**Dataset section**.

*****

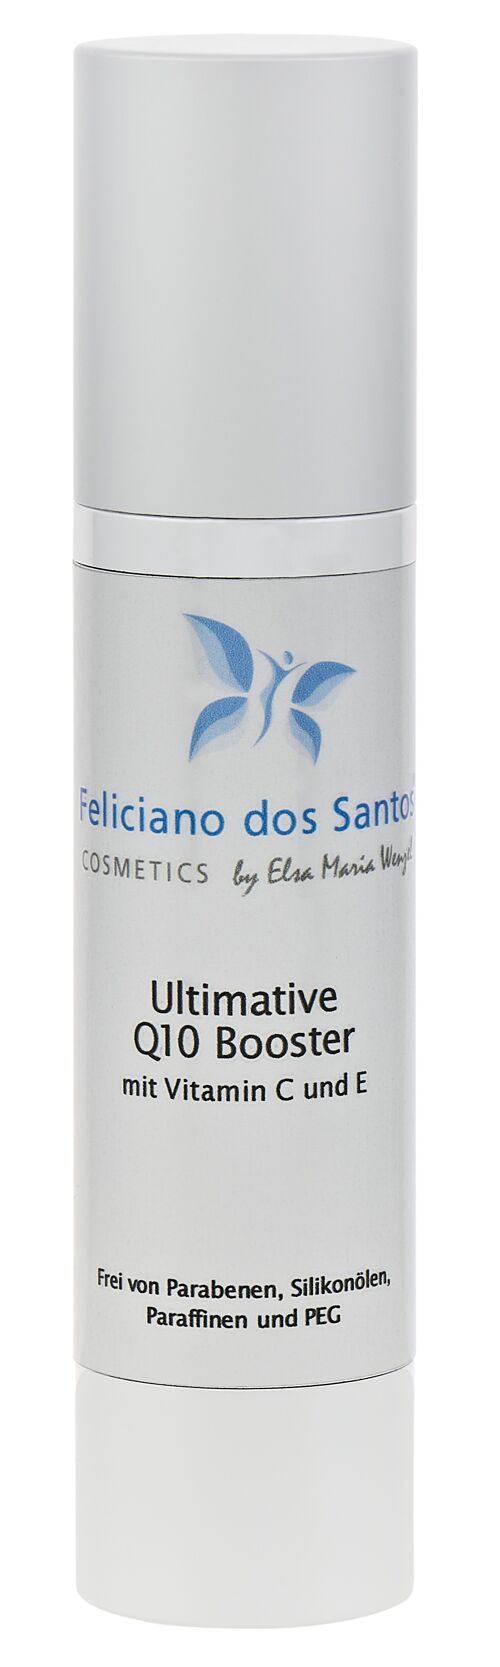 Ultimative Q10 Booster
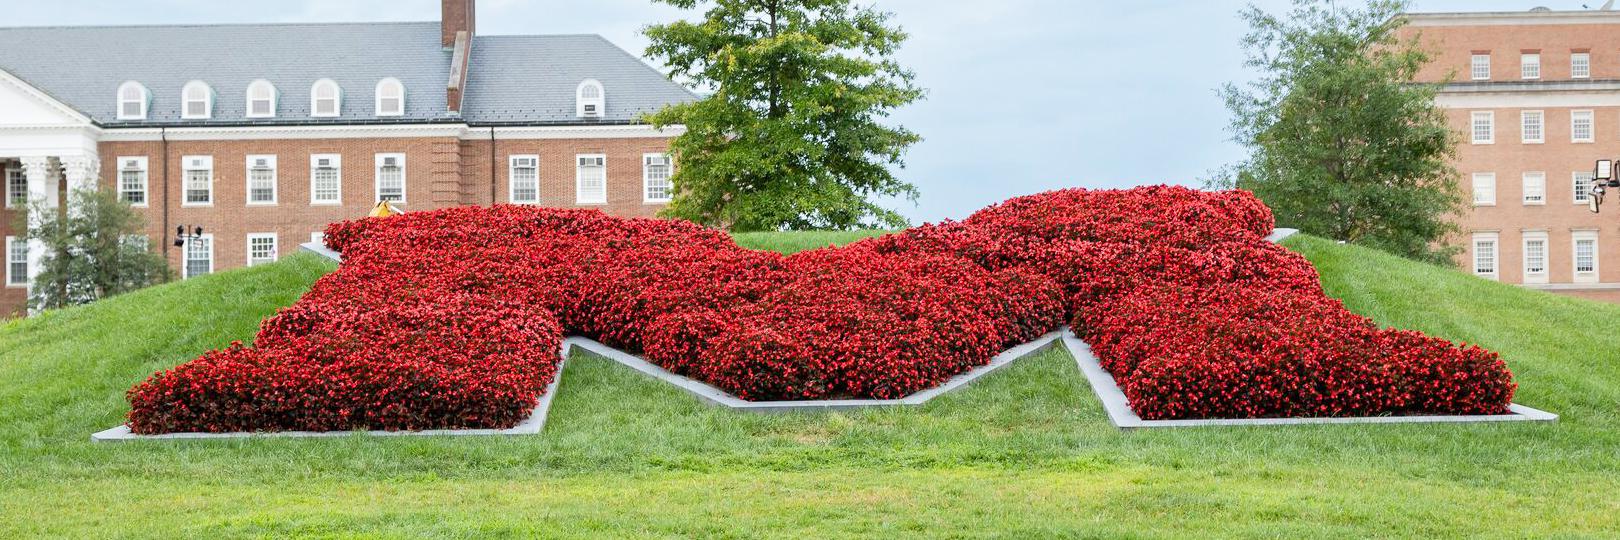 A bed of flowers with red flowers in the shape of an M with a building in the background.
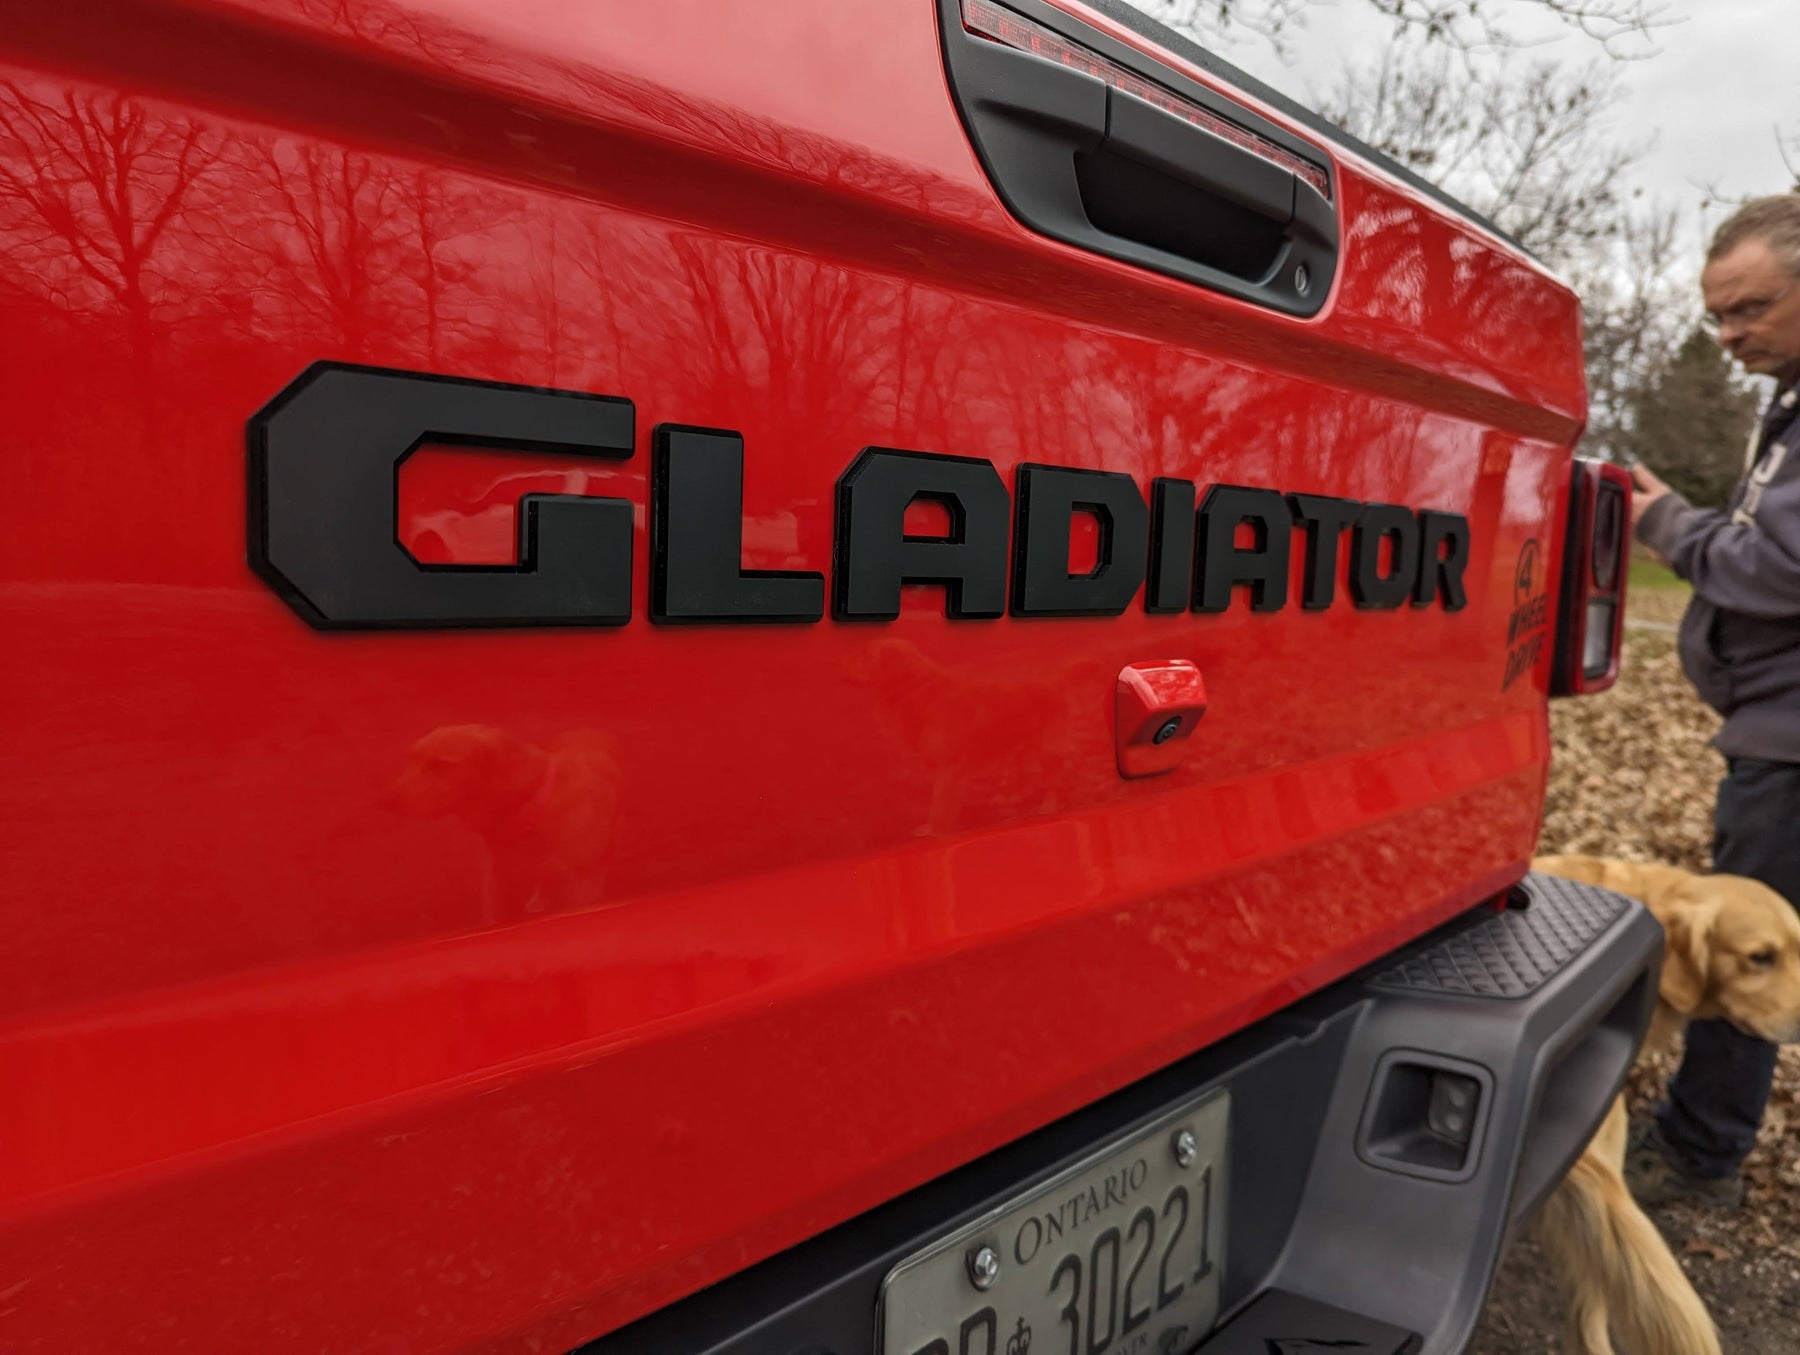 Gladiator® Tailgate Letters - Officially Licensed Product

*****

**What to work on**.
Your task is to output the material word for word while leaving out every image.

**Solution to the exercise**.
 Ultimative Q10 Booster
 A bed of flowers with red flowers in the shape of an M with a building in the background.
 Gladiator® Tailgate Letters - Officially Licensed Product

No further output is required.